The trailer looks promising. Caspian was a big disappointment. Hopefully, this next installment will be better.
Disney is infested with secular leftscum. They Just. Don’t. Get. It.
20th Century is almost as bad, but not quite. They’re willing to feed the red meat to the Christian core of this nation (along with a ton of bilge, too).
Frankly, they aren’t much better, just better enough and good enough business people to understand how to do this.
Conclusion: I have some hope this won’t suck.
It's always interesting to see how folks respond when a film fails. If it's released in the summer or Christmas, they say, "It failed because there was too much competition!" If released when there's little competition, they say, "They should have released it when the kids were out of school and able to see it!"
I think the first movie was just a better mix of the story and themes and the action, while the second I actually bailed on because it was just not as interesting. I can't even recall if the second was a good adaptation of the book.
I did like the score to the second one better than that of the first, tho'.
I've read about the investor behind these and I wish him luck. Good to see people with a desire to make different films getting into the financing side of the biz.
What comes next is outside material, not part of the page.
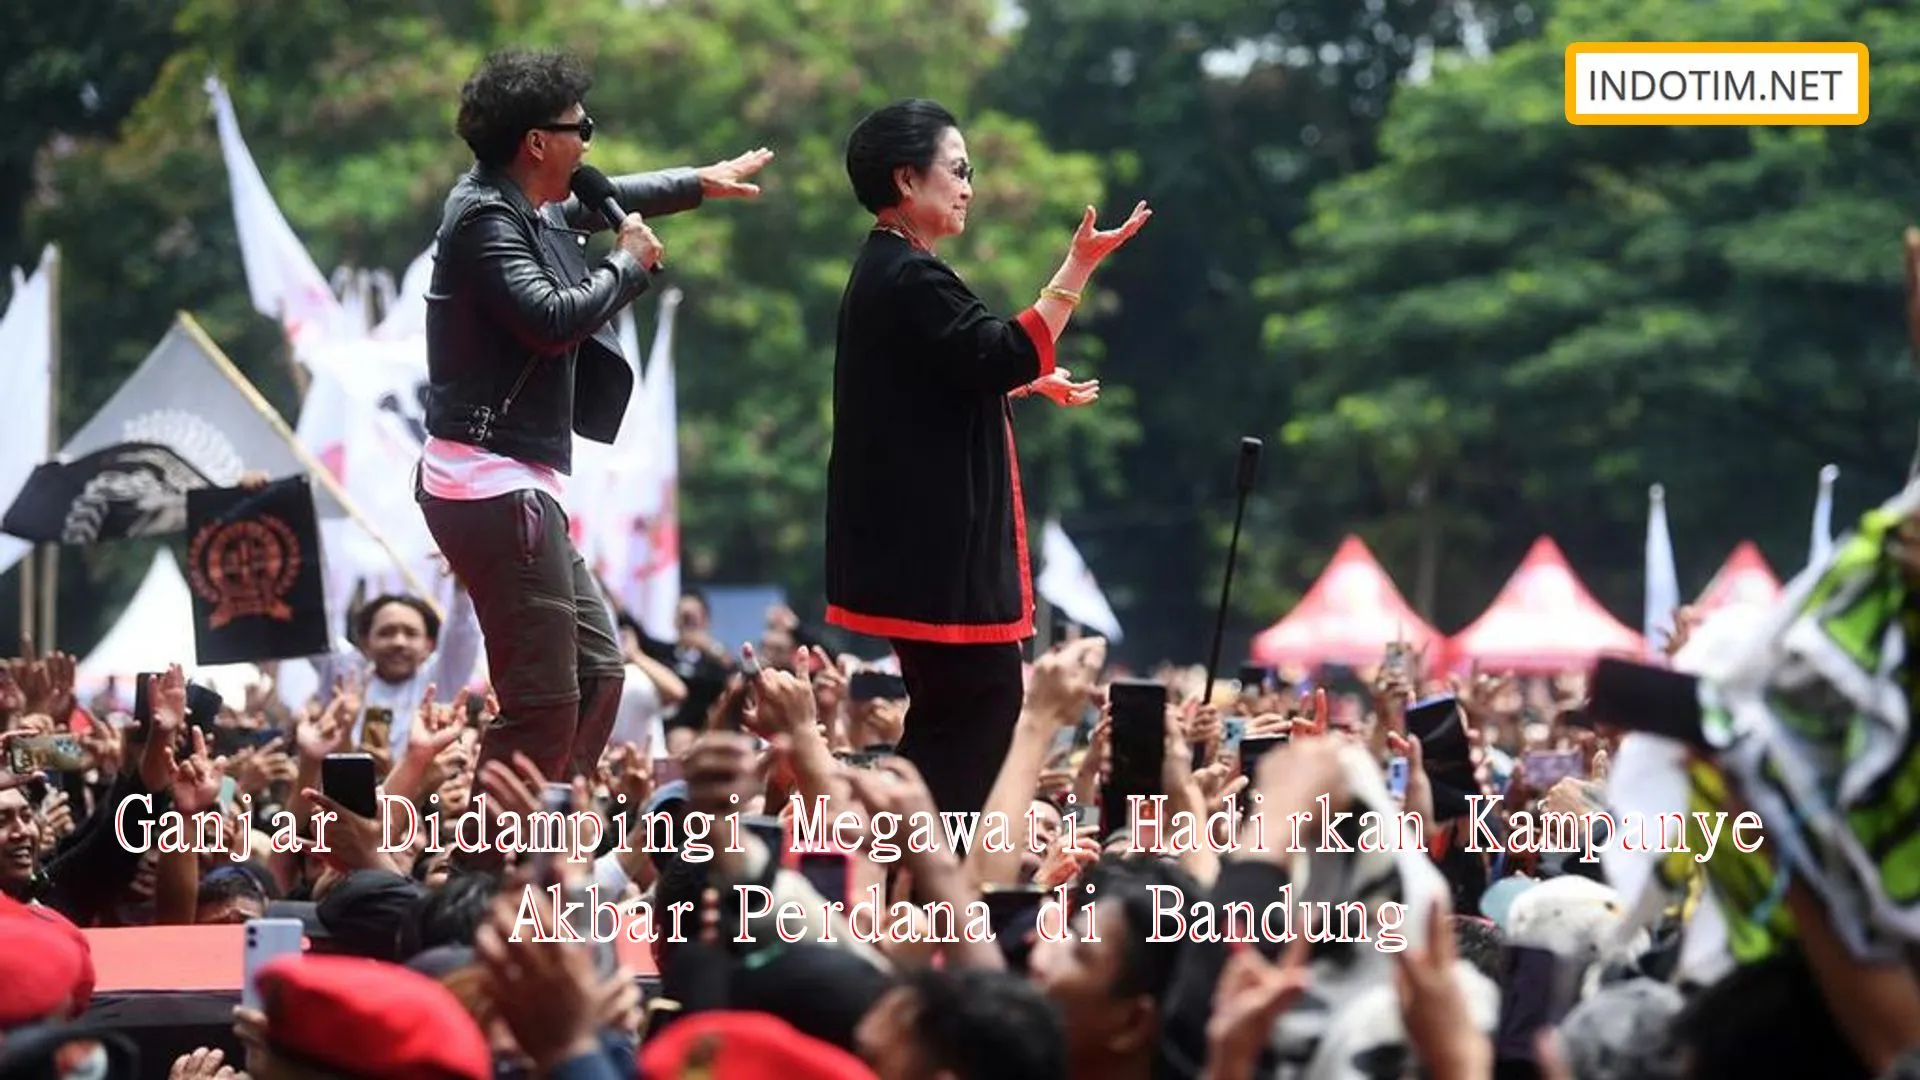 Ganjar Didampingi Megawati Hadirkan Kampanye Akbar Perdana di Bandung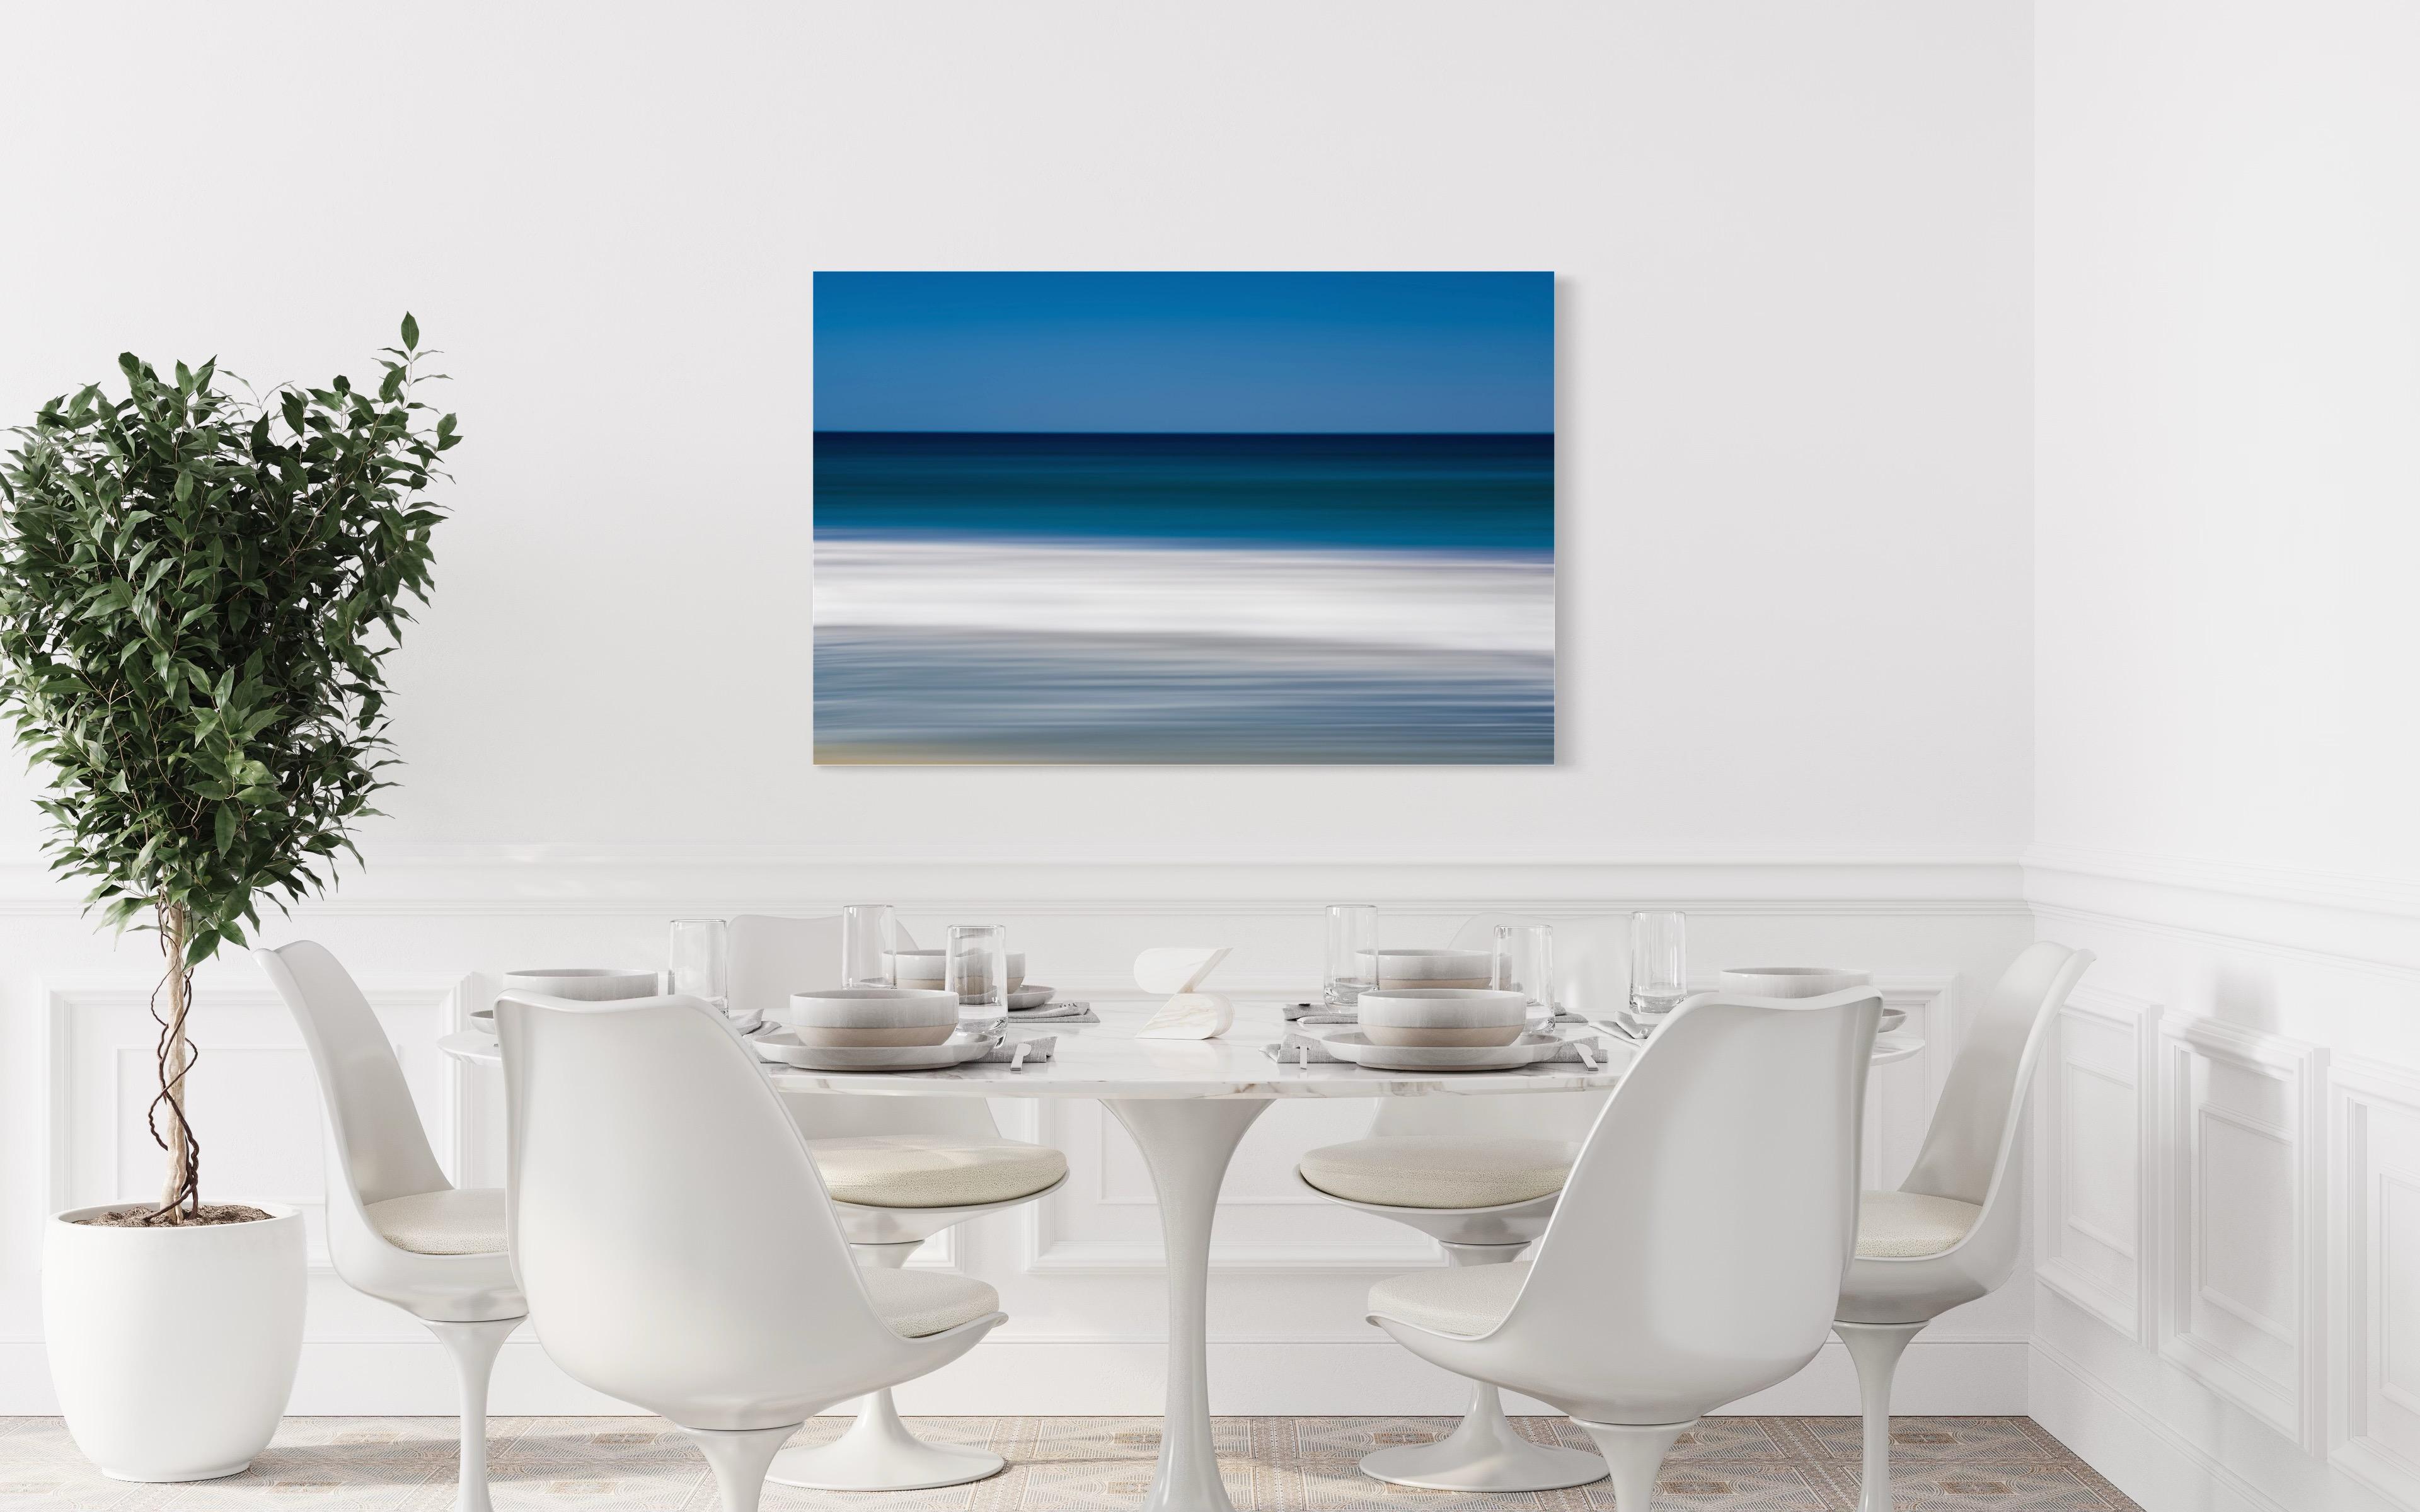 Cette photographie de Tori Gagne présente une composition de paysage abstraite et une palette côtière bleue et blanche. Cette photographie de Tori Gagne, éditée à 25 exemplaires, est disponible sous forme d'impression par sublimation métallique avec

Prince Caspian failed because they stripped it of its heart. The heart of the book was faith. The heart of the movie was adventure. Not a bad premise for a regular movie... deadly for a Christian movie needing a Christian audience.
Quite frankly I was disappointed in LWW, not because it deviated from the book to be more cinematic (to be expected) but because the deviations were either pointless (the scene on the ice) or not used to good effect (King Peter should have been the one to come up with the idea of aerial bombardment—it would have tied in the war scene at the opening, which was necessary, since the movie audience unlike Lewis’s original audience for the book didn’t have a sense of the conditions in wartime Britain that led to children being sent to the countrysides, with Peter’s development from school boy to king).
I haven’t seen Caspian, but I figured it would be a let down in box office terms no matter how well it was done: I mean the Narnian analog of the Gospel sold to a largely protestant audience like hotcakes, the Narnian analog of the Battle of Milvian Bridge and the Edict of Milan, overlaid with a watered down version of the opening plot to Hamlet, not so much.
I have a feeling they’ll ruin Dawn Treader unless someone beats them over the head to stick to the book. It will be just an adventure tale if the book isn’t followed very closely to preserve Lewis’s subtle points about sacramental theology. (And quite frankly, as an adventure tale, Prince Caspian was a better book.) And it would be nice of the critique of “progressive” education and parenting was left in. Any bets it won’t be?
Cheers!
Prince Caspian deviated too strongly from the book. Every Christian I know who went to see it expressed disappointment to me about it.
They need to understand this book is a Christian classic and taking the Christianity out of it won’t fly.
Voyage of the Dawn Treader has in it one of the strongest fantasy allegorys of the salvation experience, of a “faith not works” depiction. I have been dreading what Disney would do to that scene, where Eustace finds he cannot take his filthy skin off and Aslan must do it for him.
To me, that's a very strong Christian message.